BEGIN Exercise data

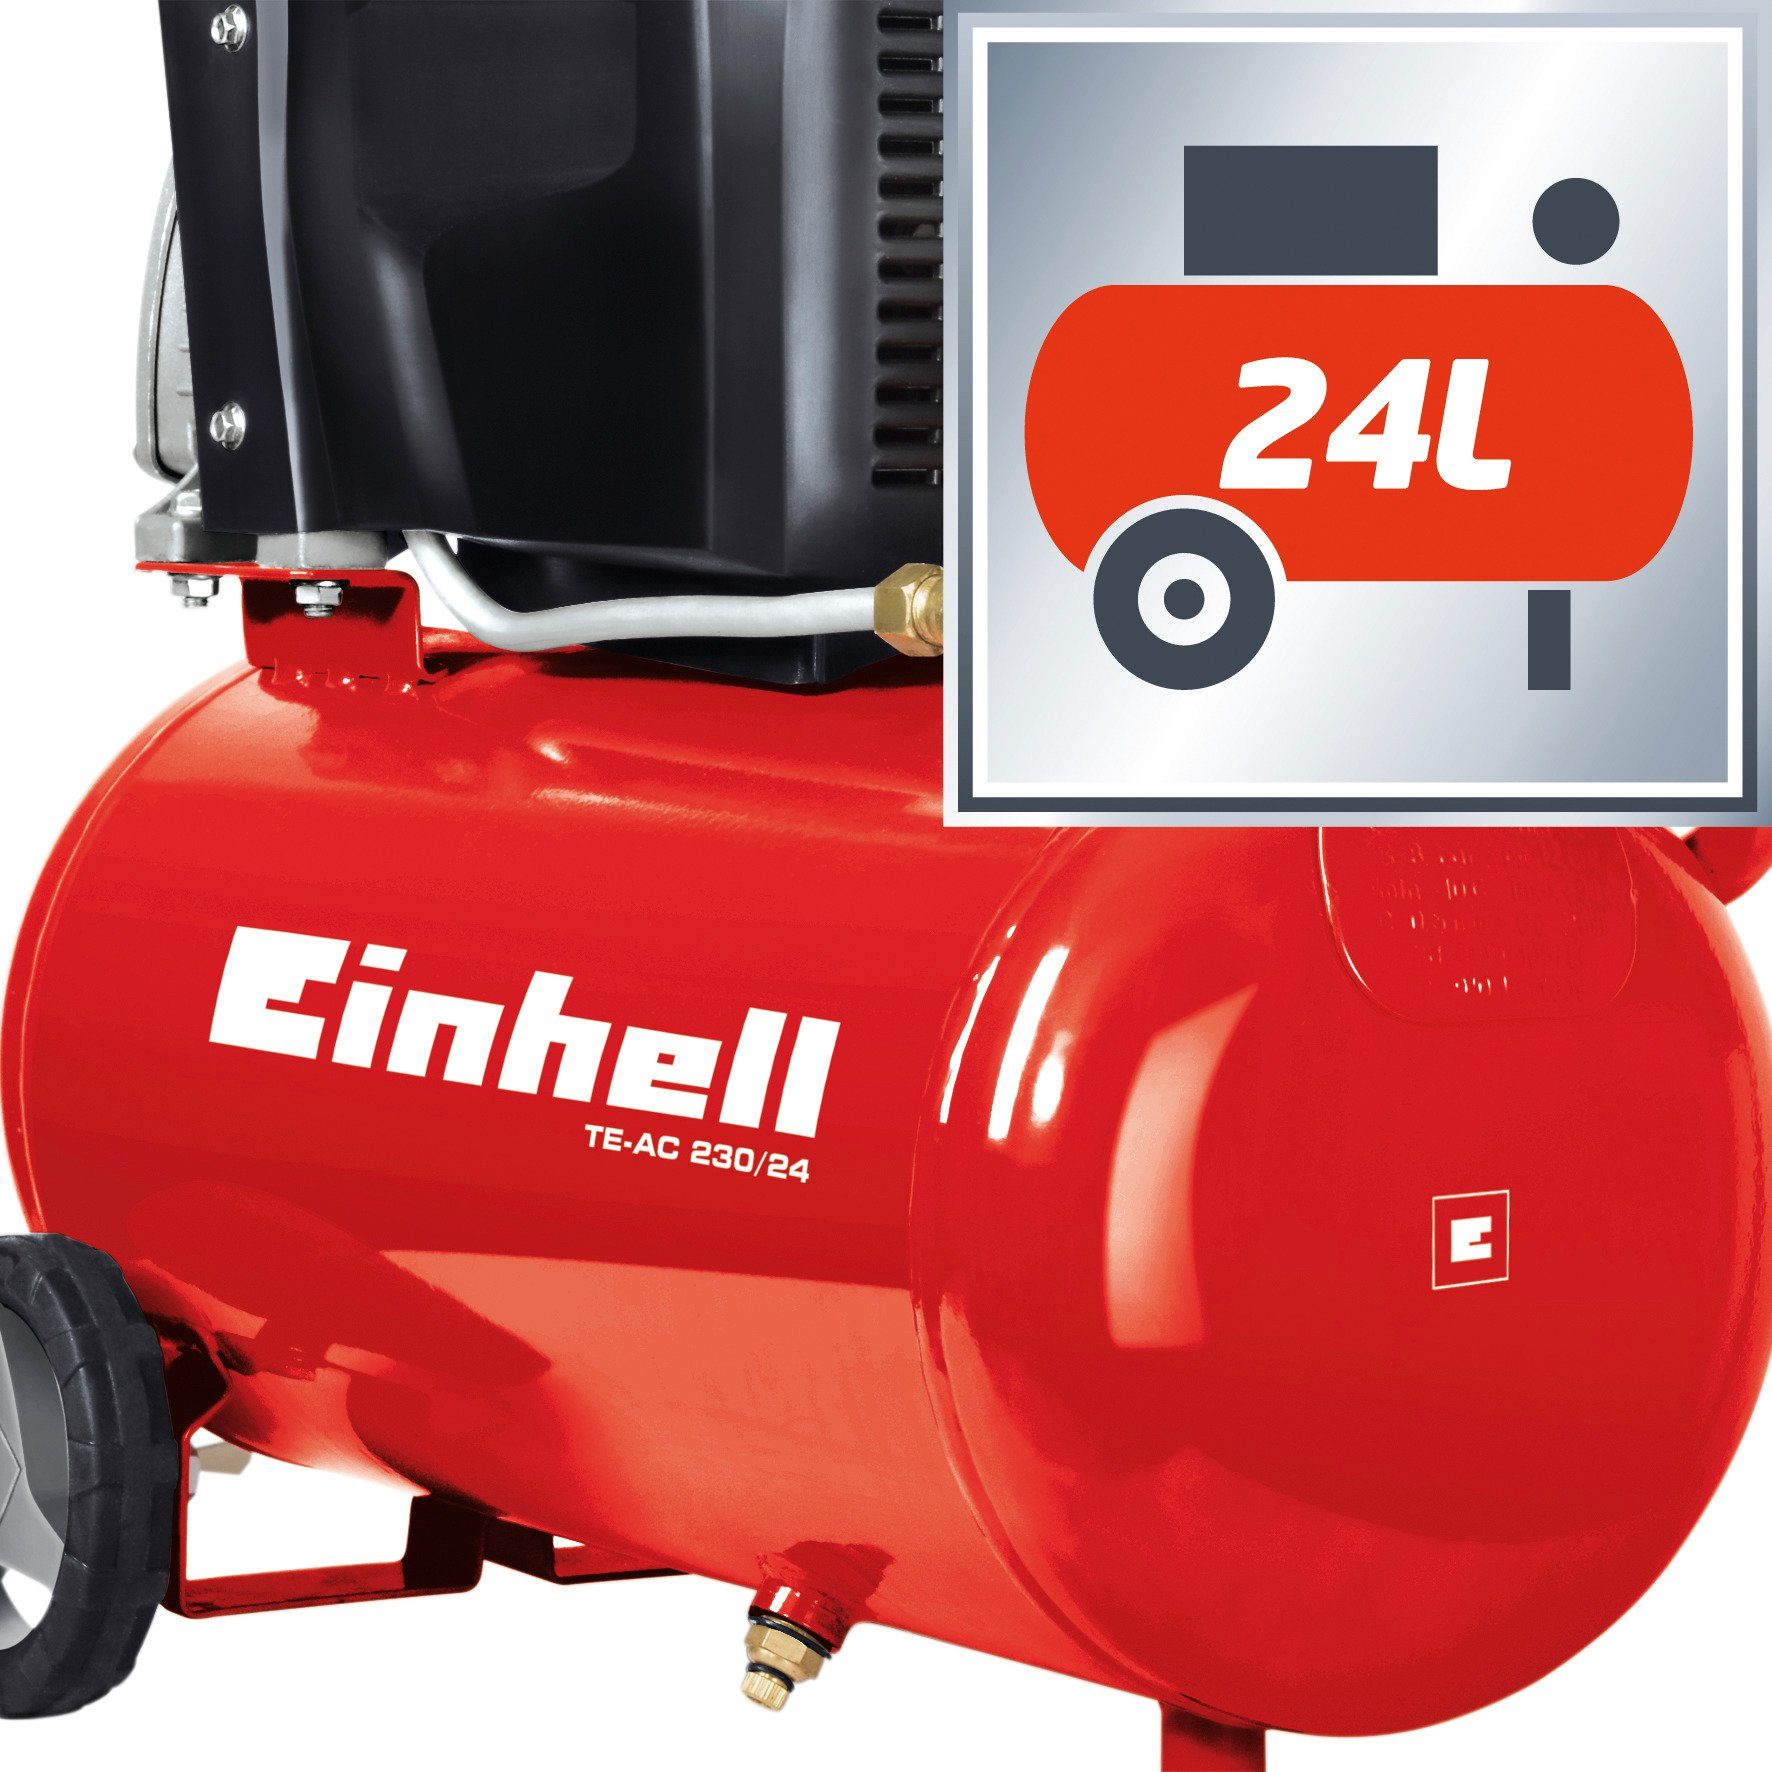 Einhell Kompressor 230/24, 1500 max. bar, 24 l W, TE-AC 8
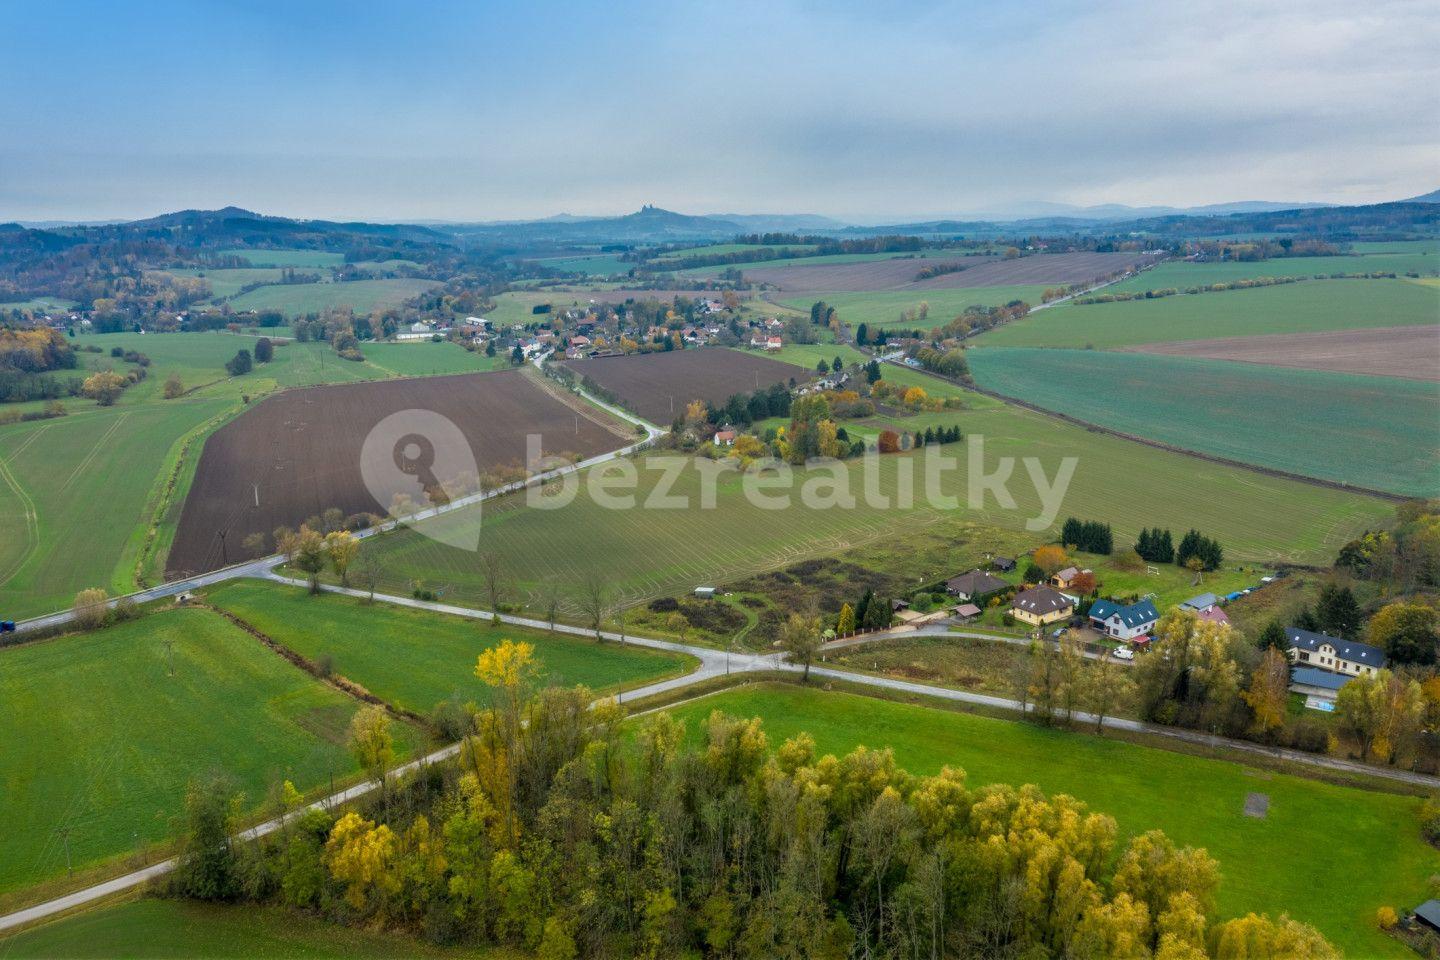 Prodej pozemku 1.219 m², Podůlší, Královéhradecký kraj
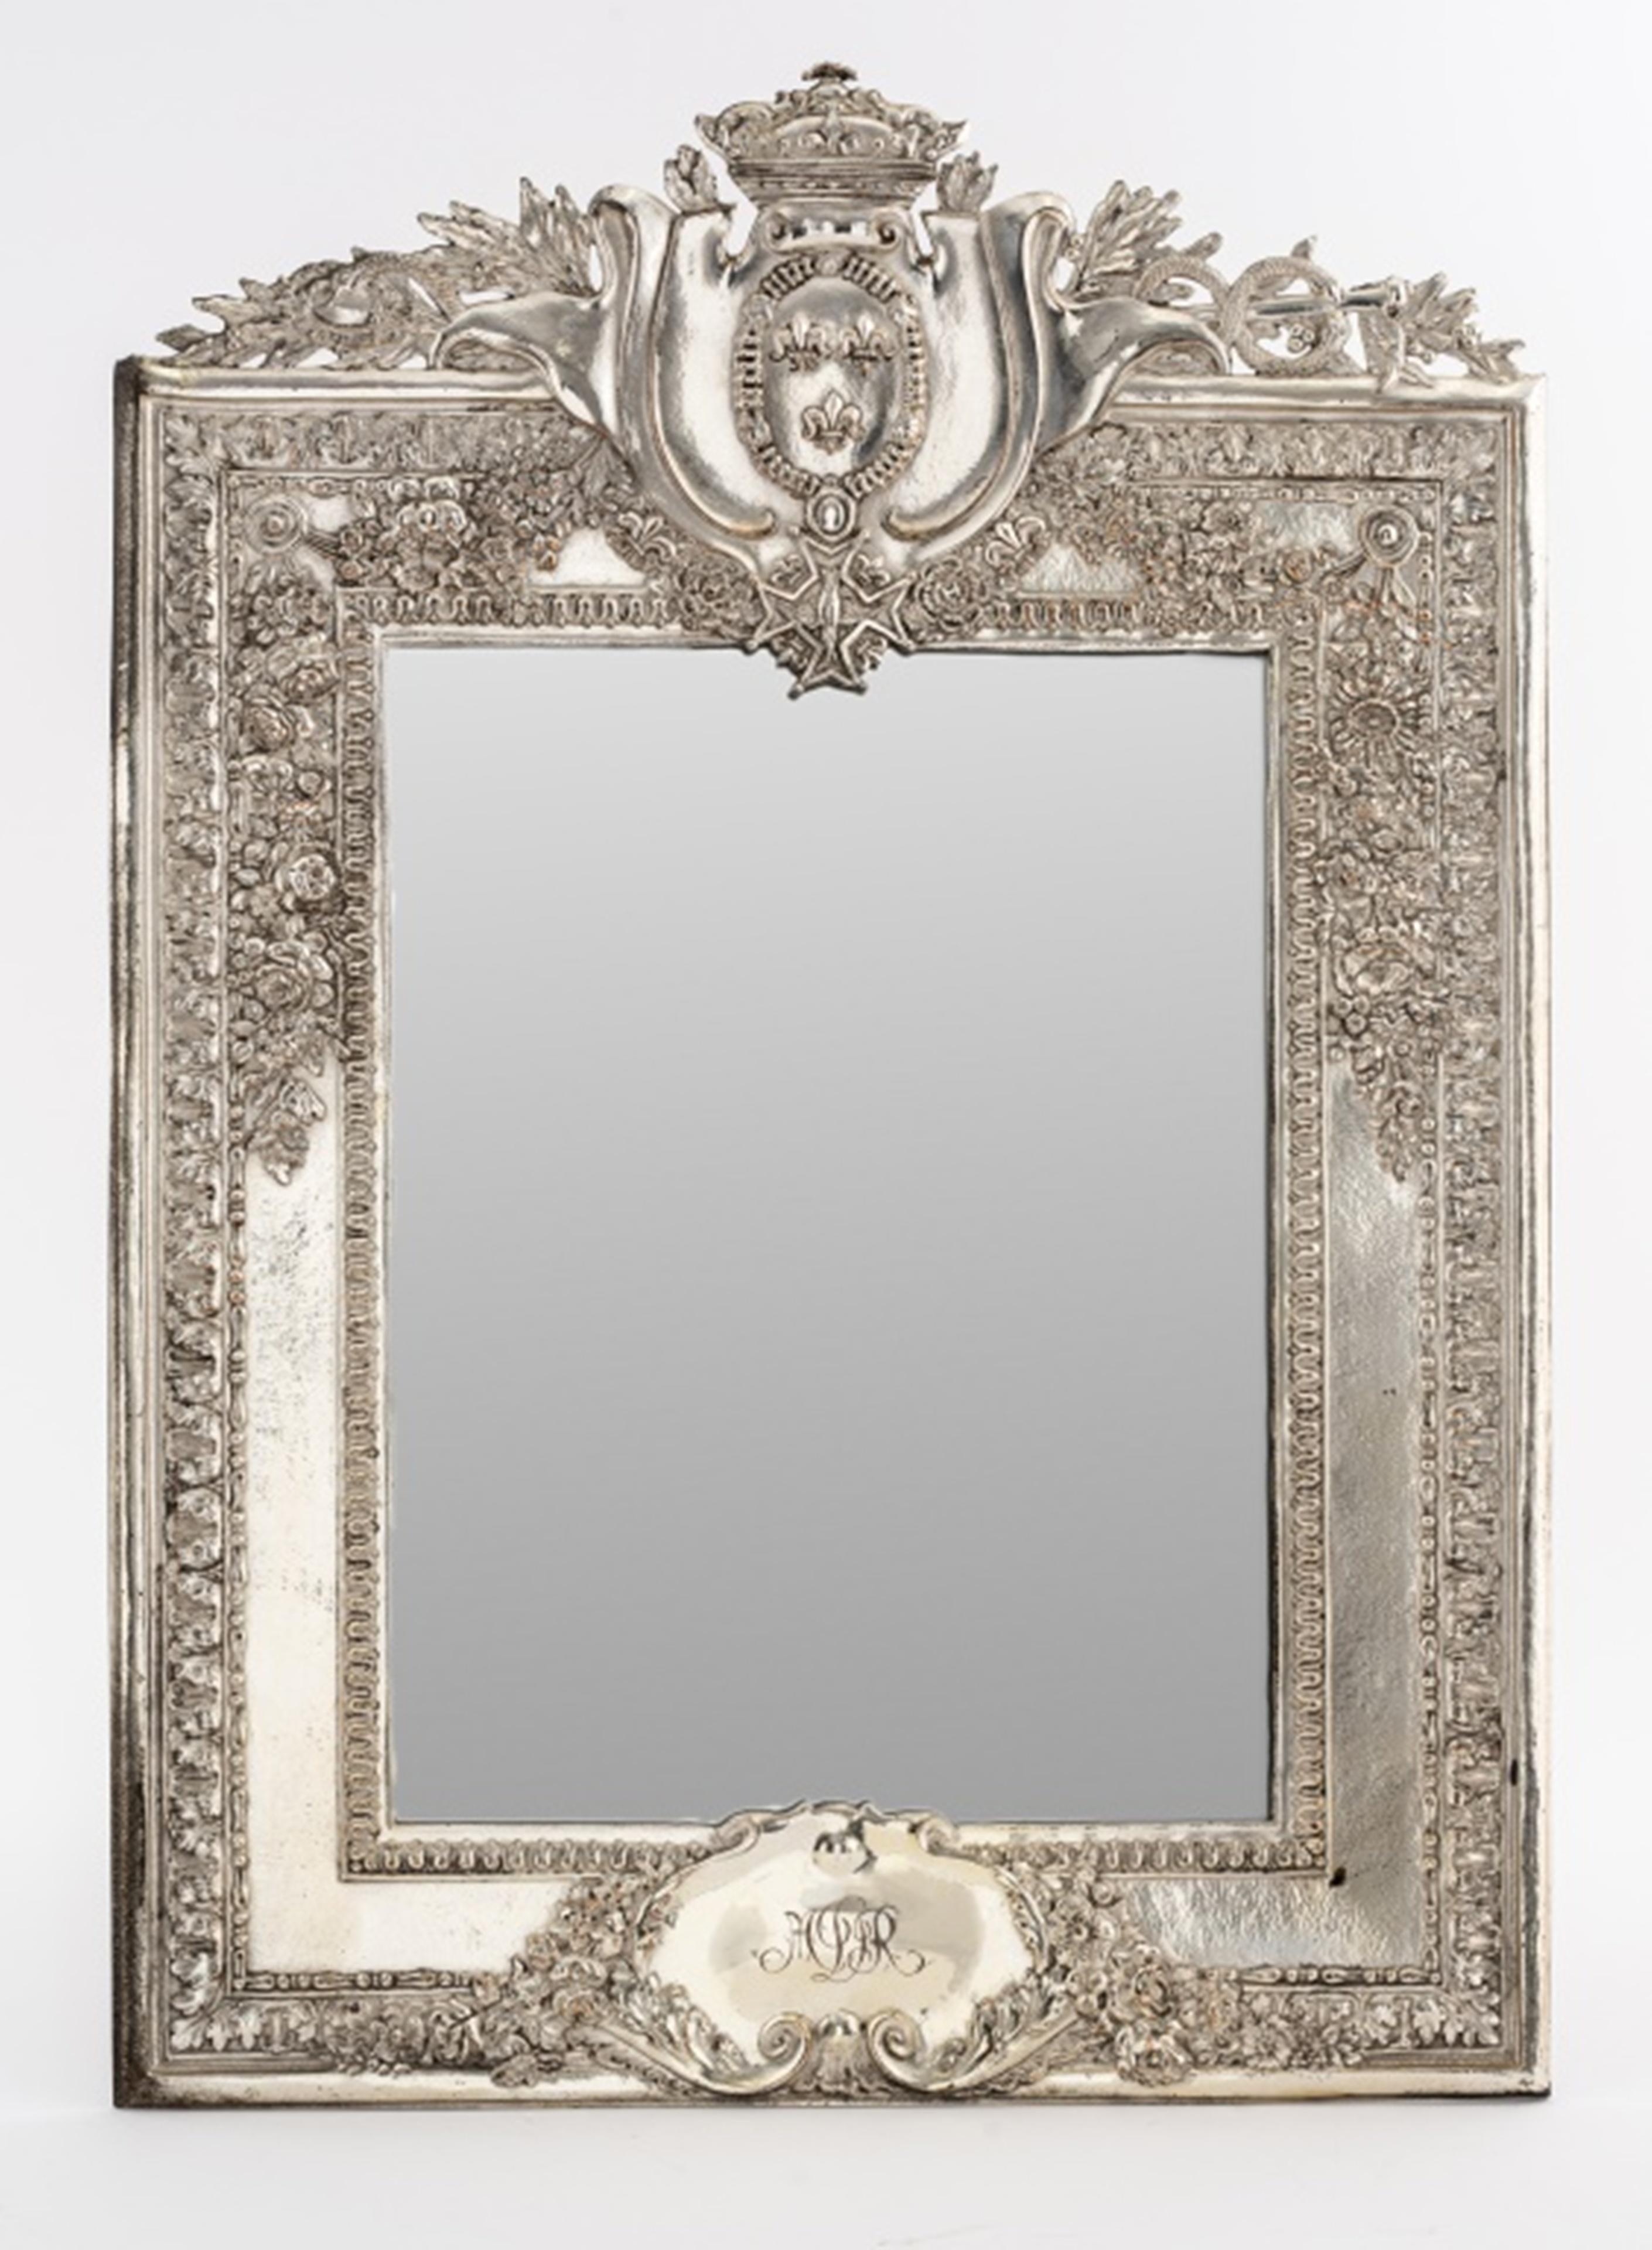 Miroir français en cuivre argenté dans le goût Louis XIV avec décoration feuillagée, 19e s. ou plus tard, monogrammé, marque du fabricant présente sur le dessous, peut-être une copie galvanoplastique ou électrolytique d'un objet original par un

END Exercise data

=== Task to complete ===
Lines from the start of the material through the line containing "Prodej pozemku 1.219" are to be restated word for word; no picture may be included.

=== Reply to the exercise ===
 Einhell Kompressor 230/24, 1500 max. bar, 24 l W, TE-AC 8
 Prodej pozemku 1.219 m², Podůlší, Královéhradecký kraj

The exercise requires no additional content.